В дороге он курил, выпуская дым в окно машины, а другой рукой почесывал Пирата за ухом. Мощное урчание кота перекрывало даже шум мотора.
Она припарковалась возле его подъезда, но Елошевич не спешил выходить.
— Я очень скучал по тебе, — сказал он наконец. — Я хочу, чтобы все стало, как раньше. Чтобы мы перестали избегать друг друга. Давай забудем, пожалуйста?
Пытаясь скрыть смущение, Наташа закурила.
— Вы сами знаете, что это невозможно. Так, как было раньше, никогда уже не будет, — сказала она спокойно. — Но мне было хорошо с вами.
— Мне тоже было хорошо. Мне и сейчас хорошо с тобой. Но то, что произошло, должно быть забыто.
— Я поеду?
— Счастливо тебе. И спасибо за Пирата.
Заехав в клинику в субботу, Миллер обнаружил там полный сестринский и врачебный состав. Наряженные в живописные лохмотья, сотрудники сновали по помещению с ведрами и швабрами. Пахло стиральным порошком и мелом, и повсюду были разбросаны куски бумаги для заклейки окон.
На широком мраморном подоконнике стояла Саня Елошевич, одетая в старую хирургическую робу. Ее голова была обвязана пестрой тряпочкой.
— Вы прямо Арабелла — дочь пирата, — сказал Миллер, подходя к окну. — А что здесь происходит?
— Ну, здравствуйте, царь! Сегодня субботник, так что возьмите у Тамары Семеновны рабочую одежду и присоединяйтесь.
Саня присела на корточки, чтобы прополоскать тряпку в стоявшем на подоконнике тазу, и ее лицо, обрамленное легкими завитками волос, с каплями пота над верхней губой, вдруг оказалось совсем рядом с лицом Миллера. Он смутился и резко отодвинулся.

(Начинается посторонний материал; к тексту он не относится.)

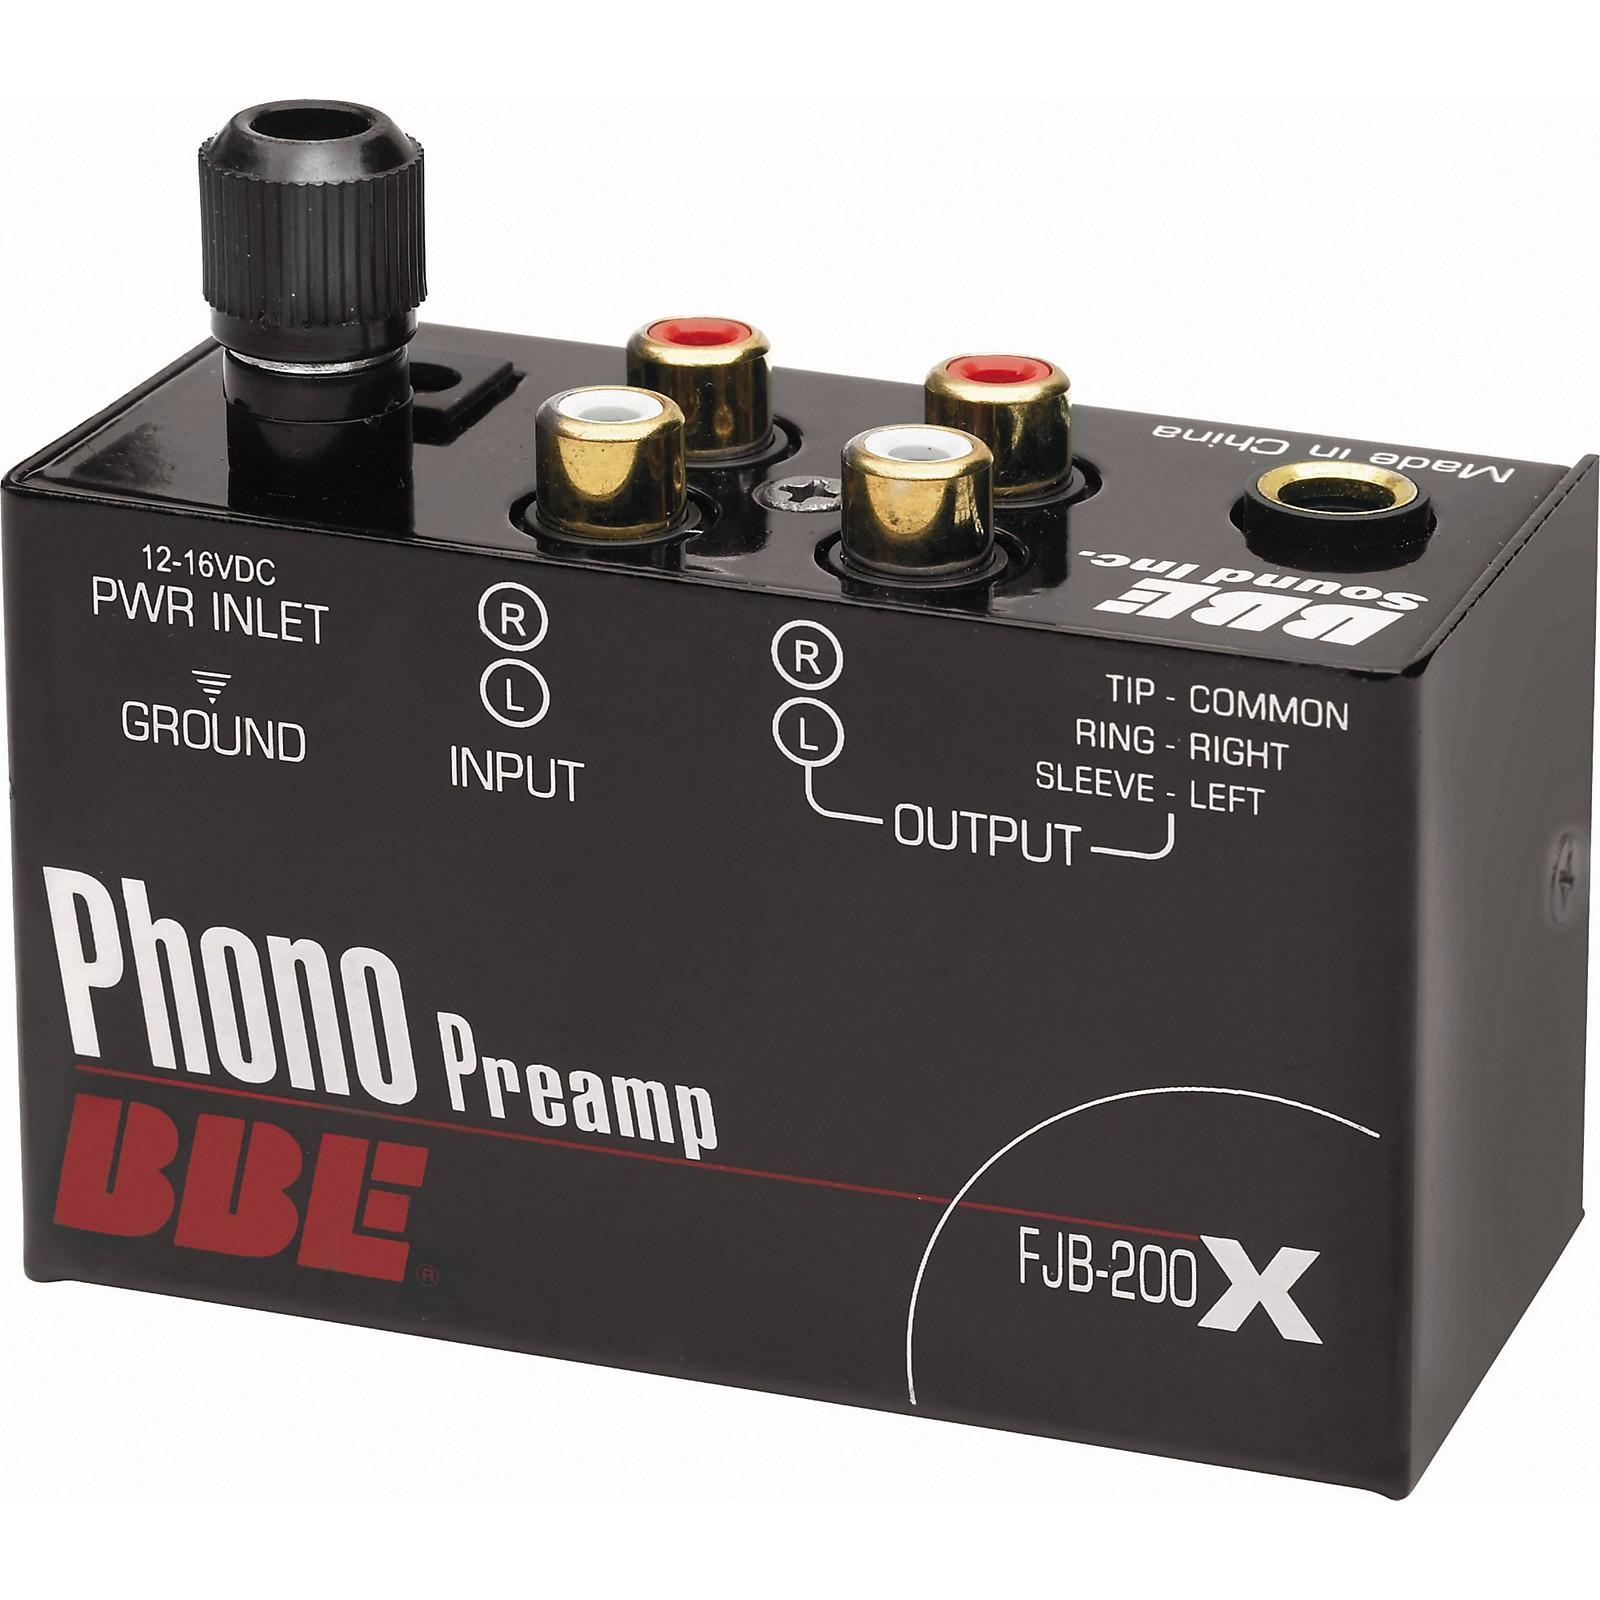 Open Box BBE FJB-200X Phono Preamp

Она отжала тряпку и стала размашистыми движениями протирать раму. Окна в старинном здании клиники были огромные, и Сане приходилось то приседать, то вставать на цыпочки. Миллер подумал, что она двигается, как стриптизерша у шеста, и неожиданно эта мысль очень его возбудила.
Чтобы избавиться от наваждения, он сообщил Сане, что он думает о ее пластике.
Саня расхохоталась:
— Ну, по законам русской речи стриптизерша — это всего лишь жена стриптизера. Включайтесь в работу, и работа развеет ваши пошлые мысли!

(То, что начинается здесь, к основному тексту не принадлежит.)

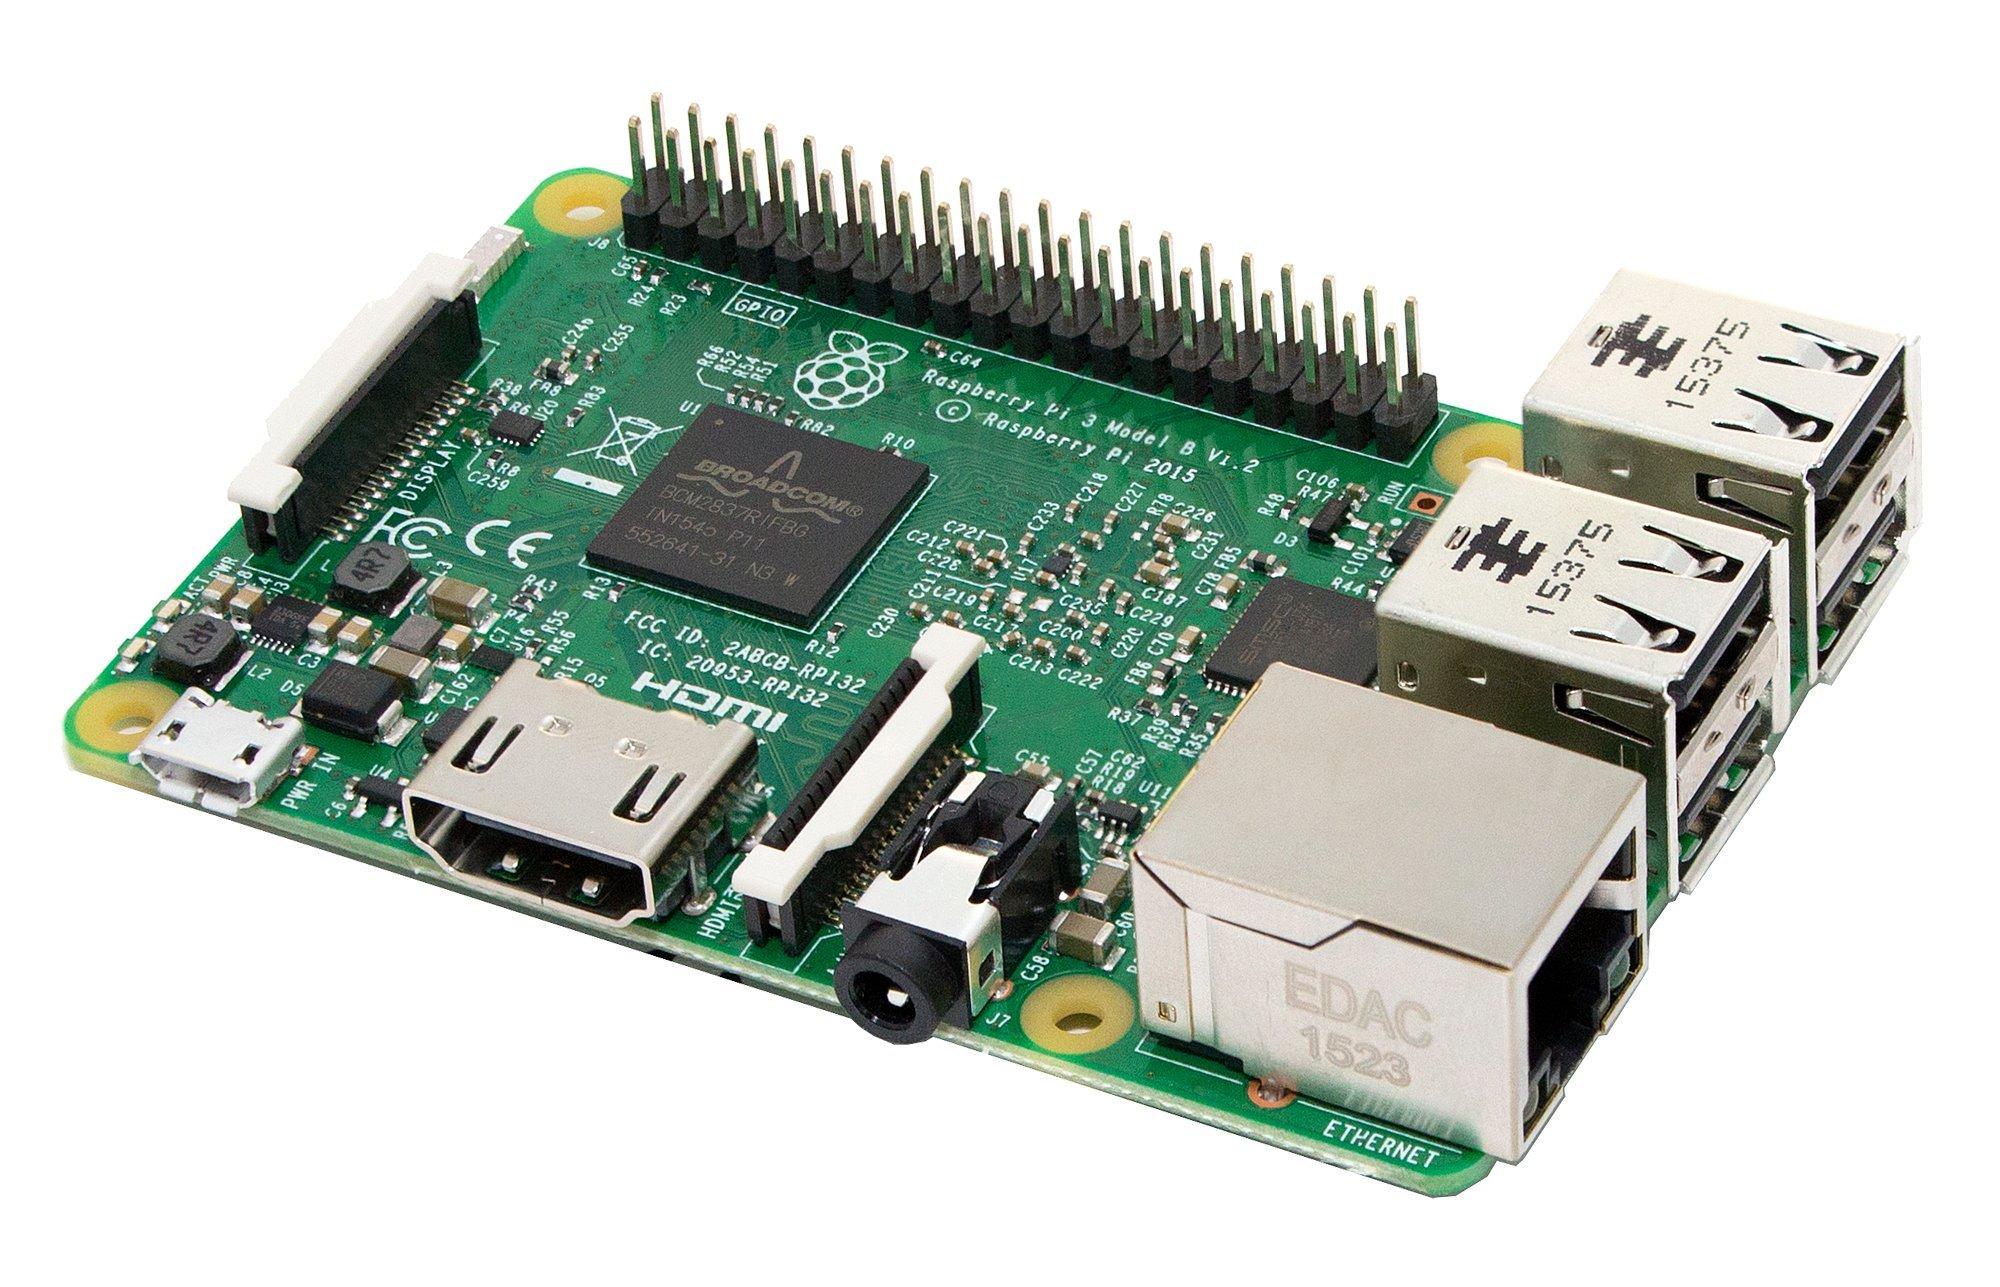 Raspberry Pi 3 Model B Motherboard by Raspberry Pi

— А закосить нельзя? — шепотом спросил Миллер, озираясь.
Саня с непривычным для нее изяществом спрыгнула с подоконника.
— Косить еще рано. Зато копать уже можно. Сейчас Тамара Семеновна отведет вас в свой цветник.
— Это неслыханно! — возмутился Миллер и куда-то побежал.
Саня домыла окно, села на подоконник, закурила и посмотрела вниз.
Возле крыльца клиники стояли профессор Криворучко и Тамара Семеновна. Как помещики, они озирали свои владения и, видимо, обсуждали, где что вскапывать. Потом на крыльцо вылетел Миллер. Увидев Криворучко, он перешел на строевой шаг и направился к нему. До Сани долетело слово «Ленин», а вслед за ним многократно повторенная комбинация из трех известных букв — с ее помощью старый профессор давал молодому краткую историческую справку. Со вкусом затянувшись, Саня перегнулась через подоконник: теперь Тамара Семеновна гладила разгневанного Миллера по плечу, а Криворучко, вдохновенно глядя вдаль, размахивал руками и объяснял ему, как вскоре все преобразится благодаря их трудам.